It's already hard for tech entrepreneurs to convince investors that a canine dating service, let's just say, that matches like-tempered dogs on play dates would be awesome, and that they're just the sort of visionaries to make such a company profitable. Investors don't just throw money away most of the time — they consider if an idea is marketable and if its progenitor is capable, which is why it's a big deal that new mothers are starting to break into the tech start-up racket and change an industry-wide perception women can't raise a family and a start-up at the same time.
The New York Times on Saturday featured an article about a small but growing group of women proving that it's possible to raise kids and run companies simultaneously. The dichotomy between career and family life doesn't have to be completely soul-rending, and women like Jennifer Fleiss, Carley Roney, and Divya Gugnani (all three of who have recently scored big successes with their start-ups in spite of their newborns) demonstrate to wary investors that a founder's pregnancy should by no means be a dealbreaker when it comes to funding a new start-up.
According to Roney, who co-founded the XO Group (currently valued at $300 million) while raising three kids, venture capitalists definitely consider a female entrepreneur's pregnancy a factor in deciding whether to invest in a firm, even if they publicly aver that they do not. Since much of the investment world remains cluttered with pinstripe-draped penises, many investors are skeptical about pairing the high-octane jobs of running a start-up and taking care of a tiny human that will seemingly go to extraordinary lengths to threaten its own well-being. With women only accounting for 10 percent of the founders of "high-growth tech companies" and typically raising 70 percent less money than do their male counterparts, tech investment already skews heavily male, a fact that helps entrench prejudices about what sort of workload a new mother is capable of taking on.
Such prejudices have been clearly and apologetically articulated by investors such as tech-angel Paige Craig, who told Business Insider last year, "I'm probably going to get myself in a bit of trouble here...a pregnant founder/C.E.O. is going to fail her company." Though Paige acknowledged that he was prepared to be convinced that his presentiments were misguided, his reluctance to invest in a start-up helmed by a pregnant woman illustrates a broader misconception in venture capital that women can't juggle kids and a time-devouring new venture. Successful start-ups like Jessica Herrin's $100 million-in-revenue-per-year Stella and Dot may prove otherwise (Herrin, 39, is the mother of two young daughters), but Roney's nod to "closed door" conferences among predominantly male VCs reveals that it's extremely difficult to change perception.

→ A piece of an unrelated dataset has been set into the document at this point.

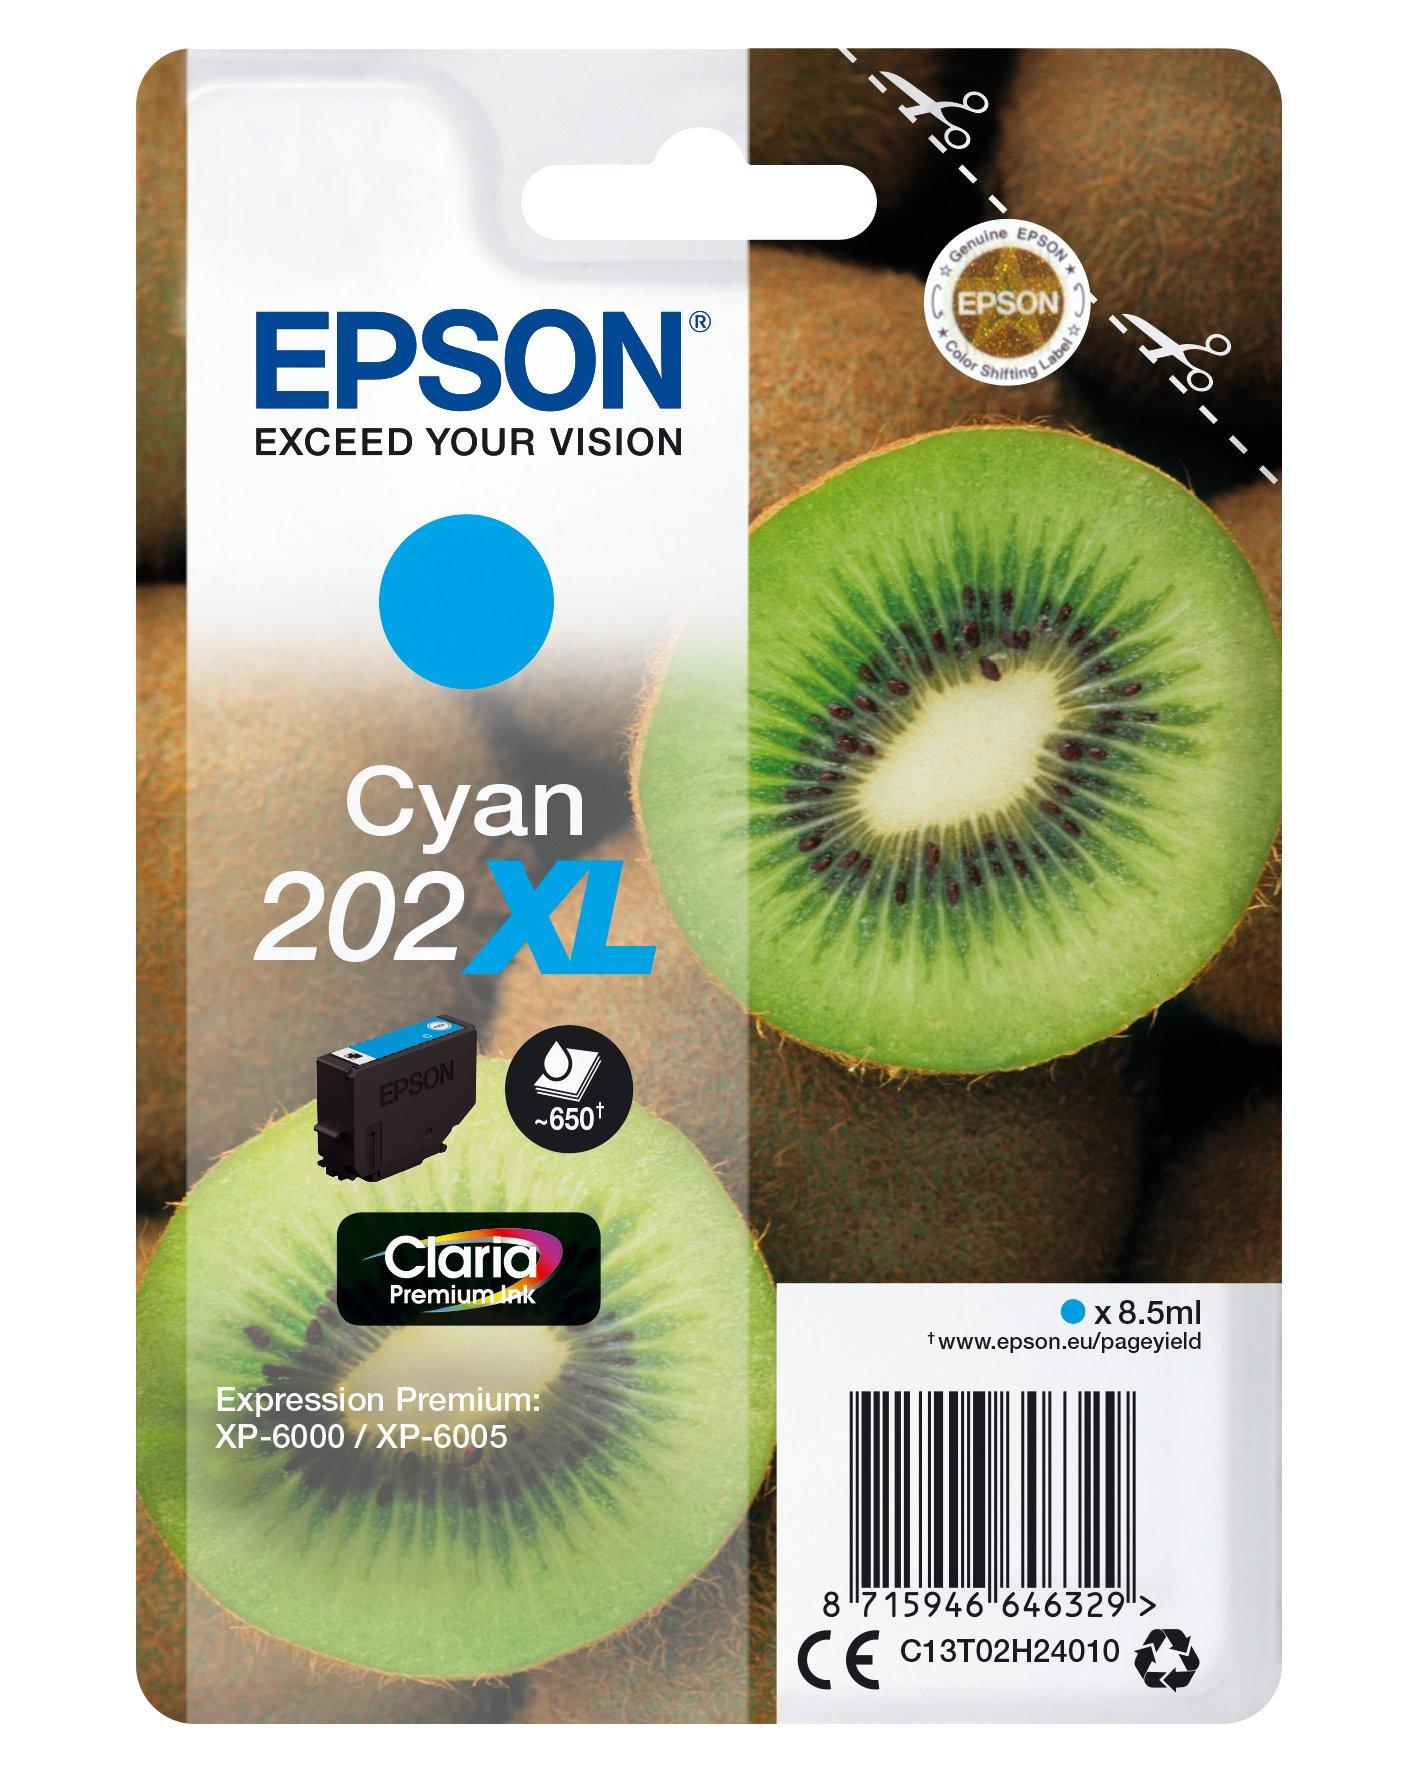 EPSON EXPRESSION PREMIUM XP-6105 Multifunction printer colour

Besides, though the success of entrepreneurs like Roney and Herrin definitely helps pave the way for any woman to break into tech at any level, the Times acknowledges that these women, no matter how much they bend their busy schedules, all have the individual financial resources to hire childcare help, a resource that many of them say is essential. Their daily routines are grueling even without the added responsibility of raising kids and it probably takes a particularly driven person to adhere to such a rigorous schedule. Even Herrin, who balanced a new business venture with motherhood, says, "I can't say I recommend this life for a new mom," mostly because, no matter how great a balance she achieves, she'll still have to cut into the time spent with her newborn.